I would very much like the topic of domestic medicine to be discussed by the participants of the Snob project related to it. The club has doctors from different countries and cities. Let these doctors tell and share how it works in other places, and also suggest what options they would see, what can be done here. Because it's easy and healthy to tell what wonderful medicine is in Israel or in Germany. There are countries that have made this discipline a priority, these are highly developed countries. How to name the countries in which the treatment of the population is in last place, everyone can come up with himself, everyone will choose a word that is close to him in temperament and level of culture.


The artist, essayist and "brain scientist" Andrey Bilzho was born in Moscow and since childhood "painted pictures in the margins." In his youth, "impressed by the books of Vasily Aksenov and the film "Colleagues","he went into medicine, became a psychiatrist and worked for ten years at the Institute of Psychiatry.
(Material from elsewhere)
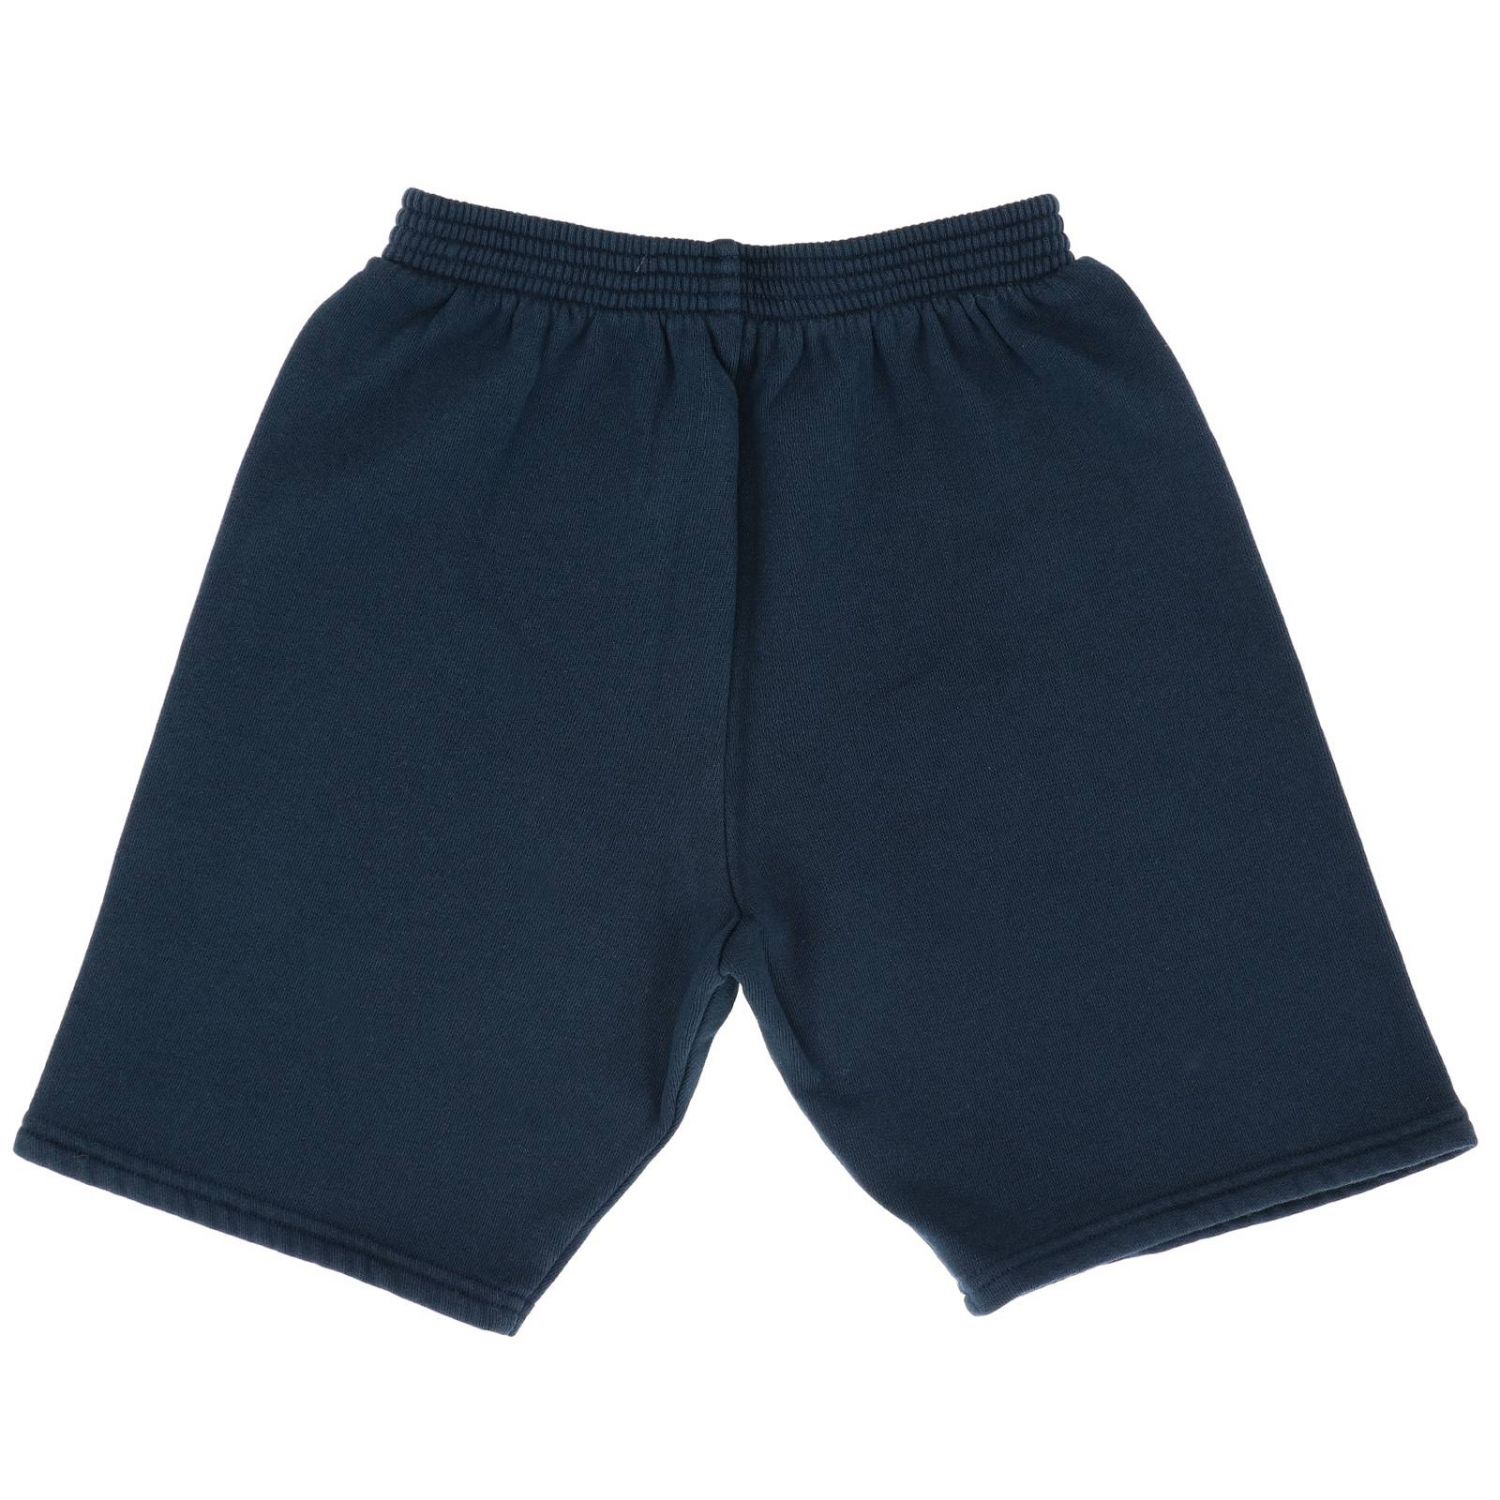 BALENCIAGA: Shorts for kids | Shorts Balenciaga Kids Blue | Shorts ...

As a student, he became interested in caricature, drew "jokes on paper" for newspapers and magazines. In the early 90s, the main cartoon character Biljo - Petrovich appeared, about whom cartoons have already been filmed, books have been written, a computer game was released, and a bronze monument was erected to him in Venice – with a glass in one hand and a bottle in the other. In order to preserve the "whole layer of everyday culture" of the Soviet era, Biljo founded a chain of Petrovich restaurant clubs - a combination of a restaurant, a museum and a gallery – in Russia and not only. He conducted the TV programs "Analyses of the week" and "Total", "conducts reception" on the radio – in the program "At the reception at Biljo". He collects cameras, prefers old and strange things, because they "contain some kind of energy, time, memory." In addition, Biljo likes to sit on the Venetian embankment and drink white wine. Participant of the "Snob" project since December 2008.